Il y insuffle une généreuse lampée de grotesque et de tragique. Si John fut un observateur fin de la société anglaise, Robert est un grand connaisseur de l’histoire russe. Ce qui contraint à l’absurdie, au drame hyperbolique.

Son dernier roman ne relève pas de l’espionnage. Il s’agirait presque d’une comédie de mœurs contrariée, une relecture moscovite de Roméo et Juliette. Roméo devient Roman et Juliette Yulia. Nés dans deux clans qui se disputent le juteux marché de la protection rapprochée dans la capitale russe à la chute de l’URSS. Quand le capitalisme n’a jamais autant mérité son allégorie de vautours dépeçant un agonisant.
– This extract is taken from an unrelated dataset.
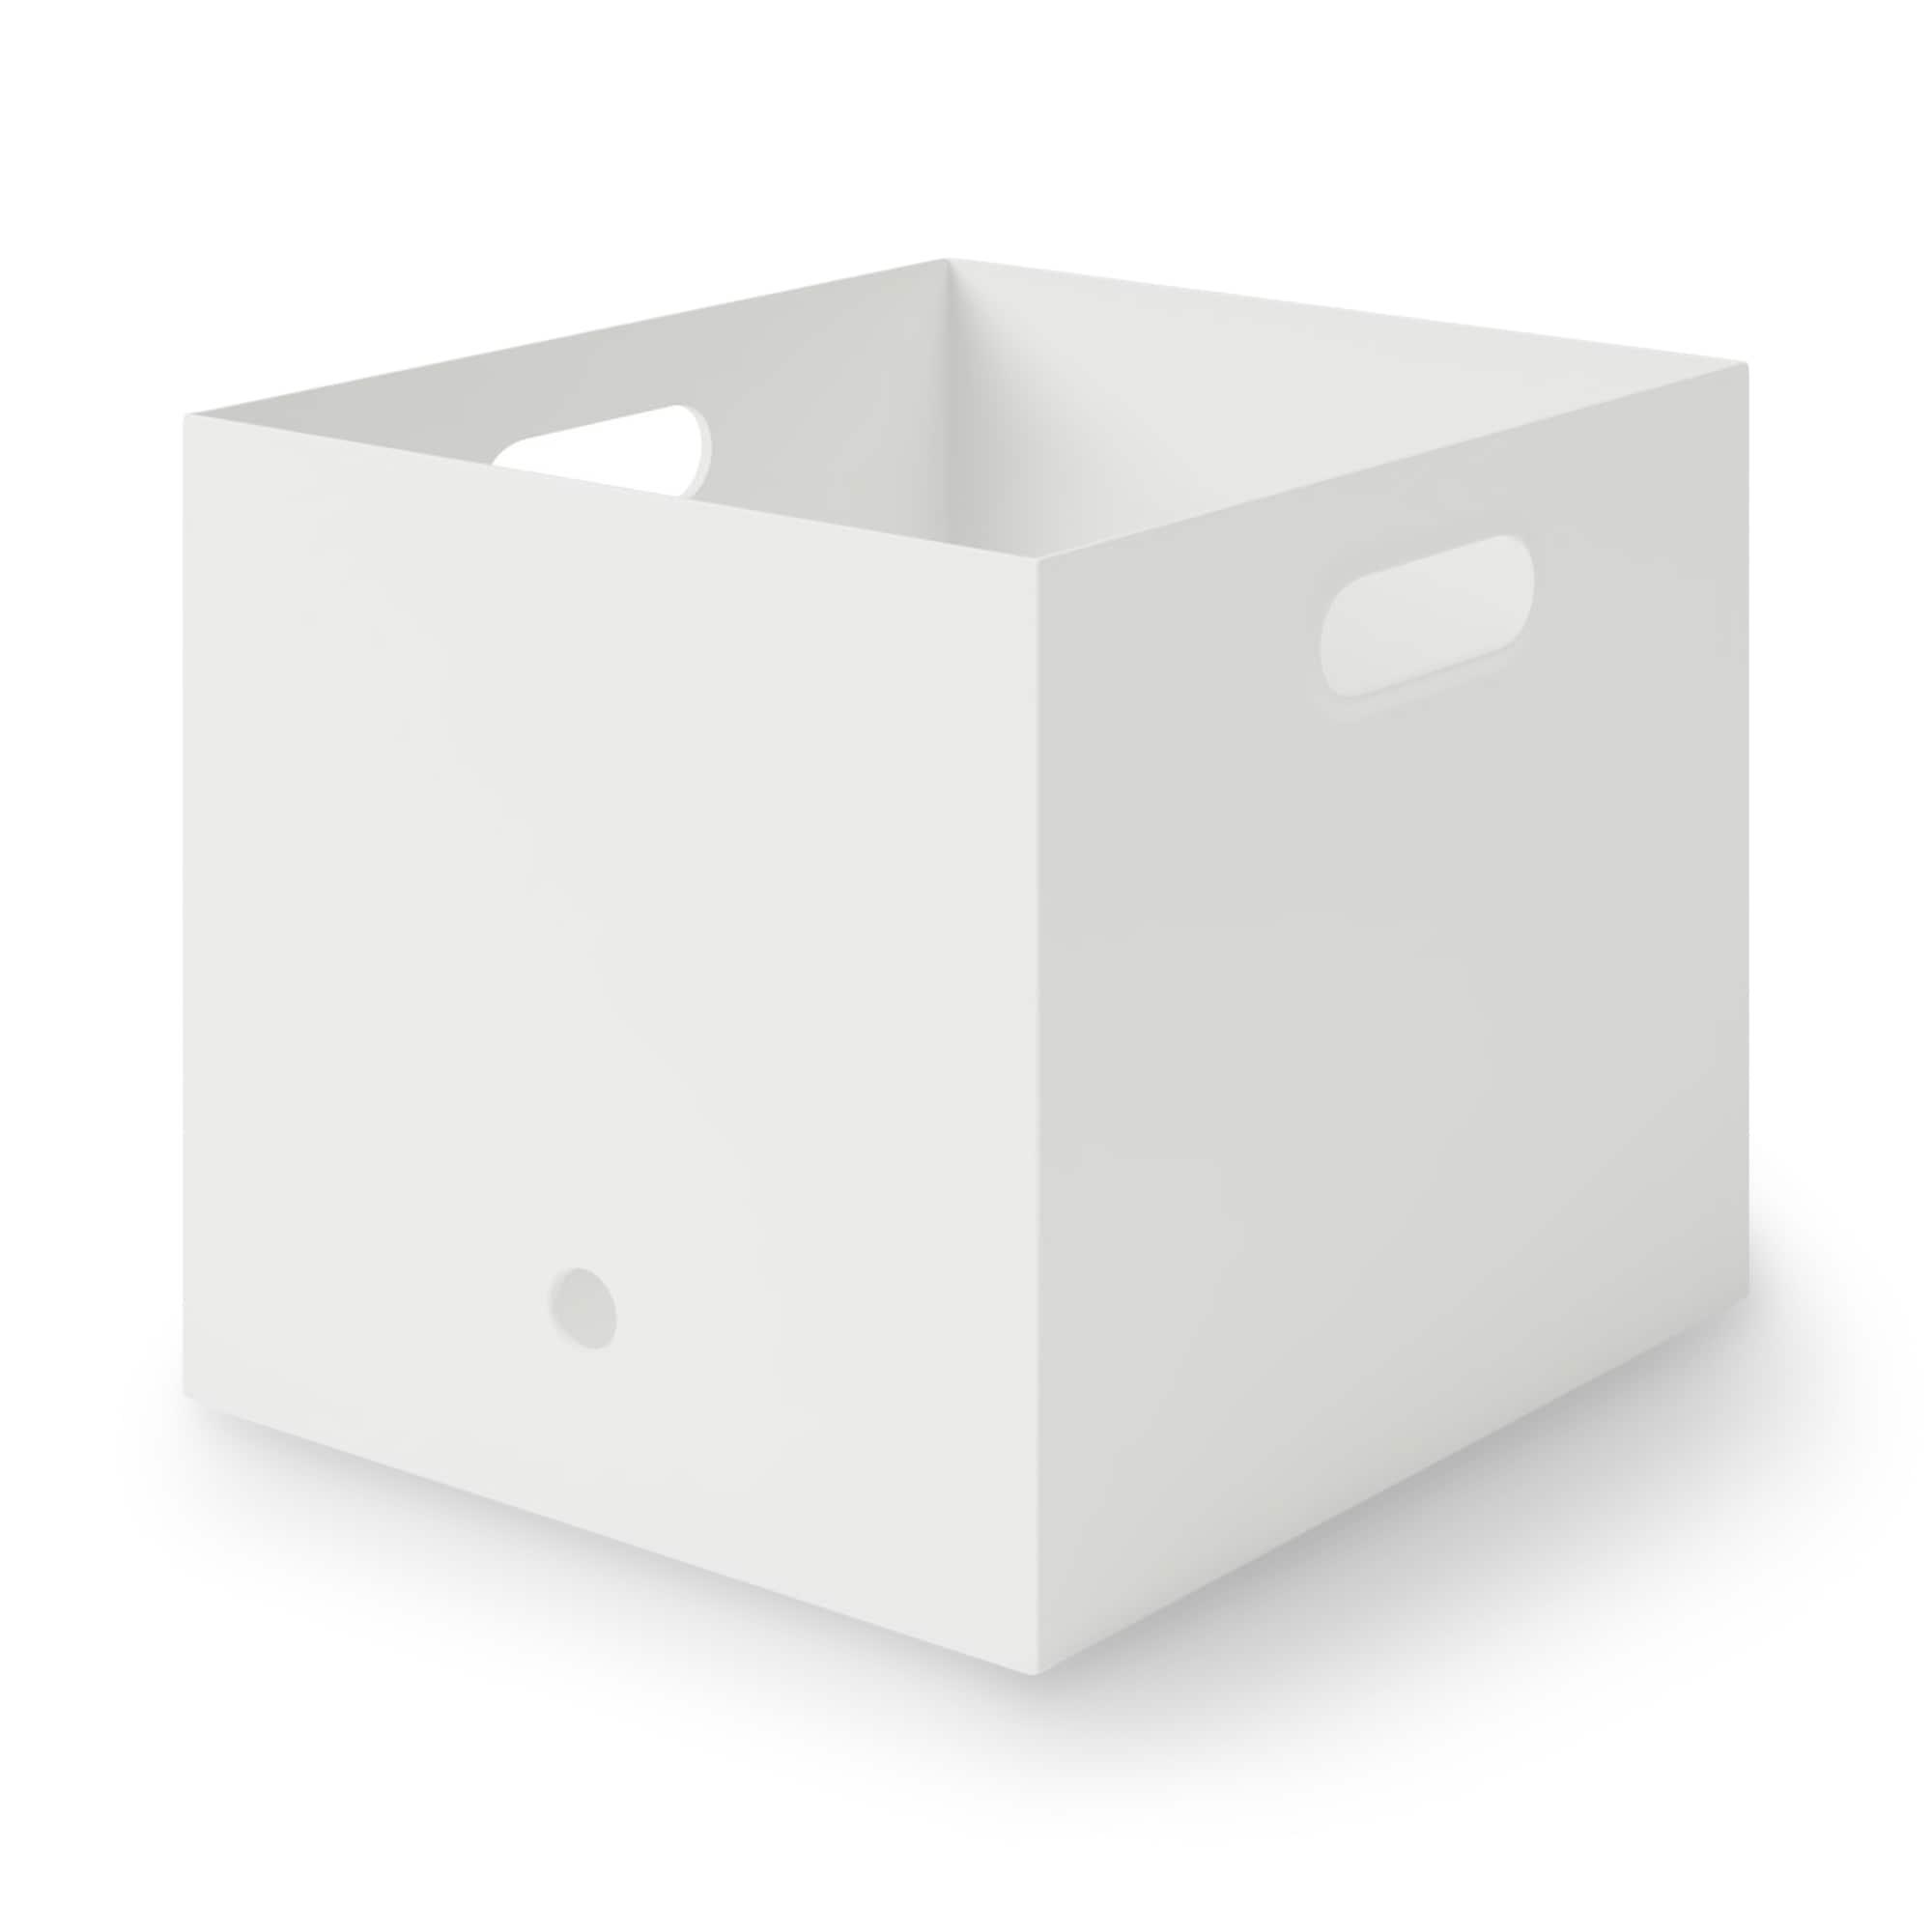 [무인양품] MUJI 폴리프로필렌 파일 박스 스탠다드 폭25cm타입 일본 공식스토어 상품 상품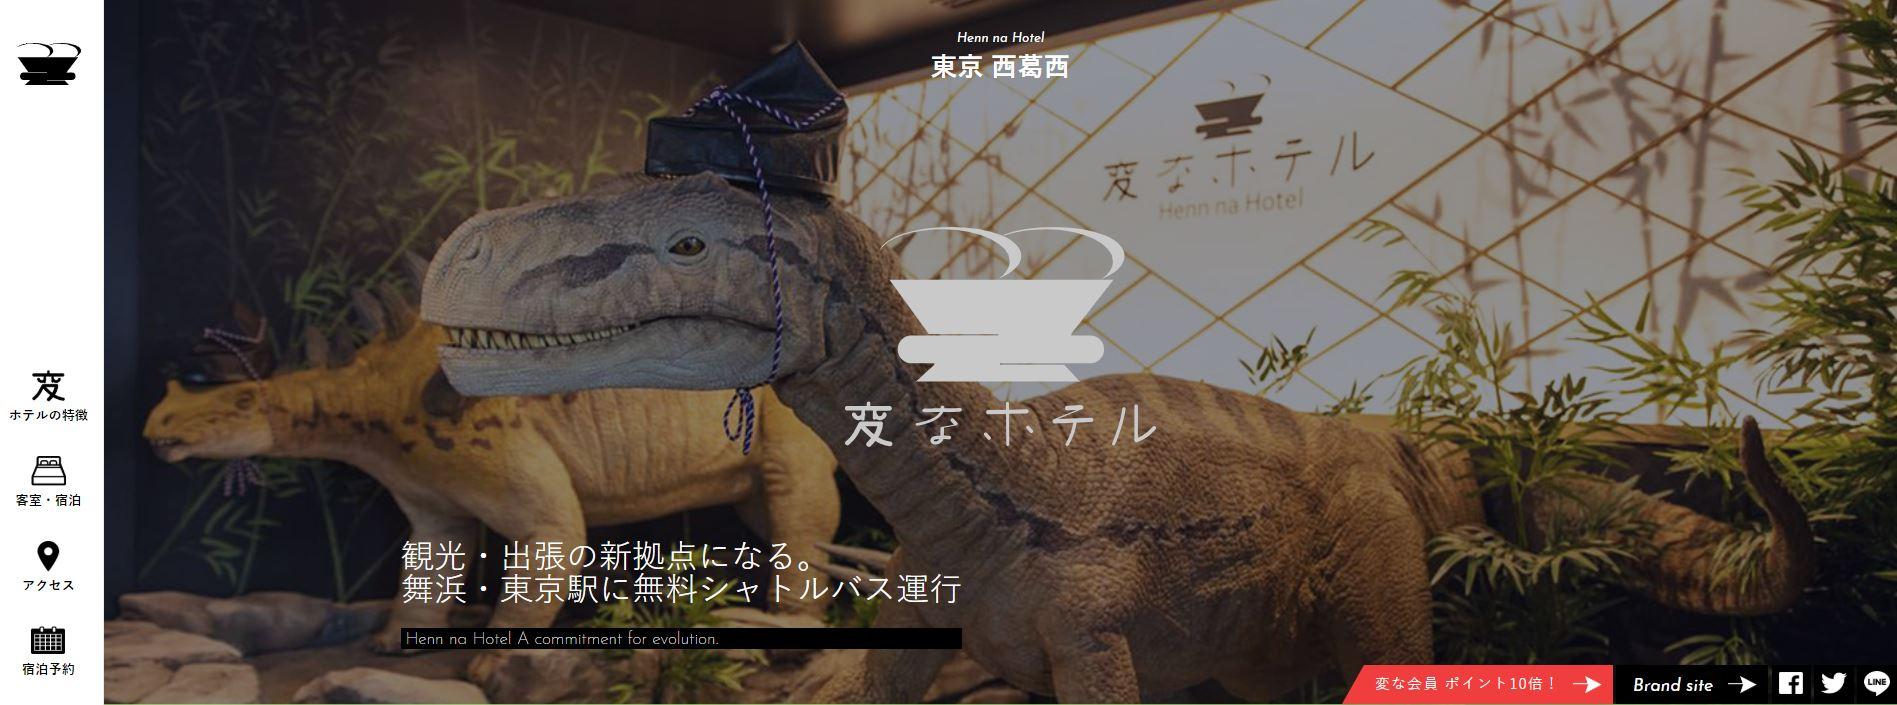 ★変なホテル東京 西葛西★ HPリニューアルしました!

Roman et Yulia tombent amoureux et souhaitent échapper à leur destin. Une histoire simple. Éternelle. Trop simple ? Quand on est habitué aux récits labyrinthiques, sinueux, du père Littell, on est désarçonné par cette ligne droite. Mais on est pris, happé. Si La peste sur vos deux familles n’atteint pas l’incandescence de ces chefs-d’œuvre (La compagnie, Une hirondelle avant l’orage, etc.), ce roman témoigne parfaitement du talent de Littell.

Son art consommé du portrait, sa peinture grinçante et lucide de la Russie des années 90 et cette histoire d’amour entre deux êtres que tout LE MONDE oppose. Quand deux mots insérés dans une phrase nient l’évidence d’une passion.

Roman et Yulia, Littell les placent dans un flipper de la taille d’une ville-monde, chaotique et d’une beauté étrange, comme le goût laissé sur le palais par un morceau de pain noir arrosé de vodka, on ne sait trop si on aime ça mais on ne peut s’empêcher d’y revenir...

Un beau livre, puissamment addictif, au final amer... Littell Big Man.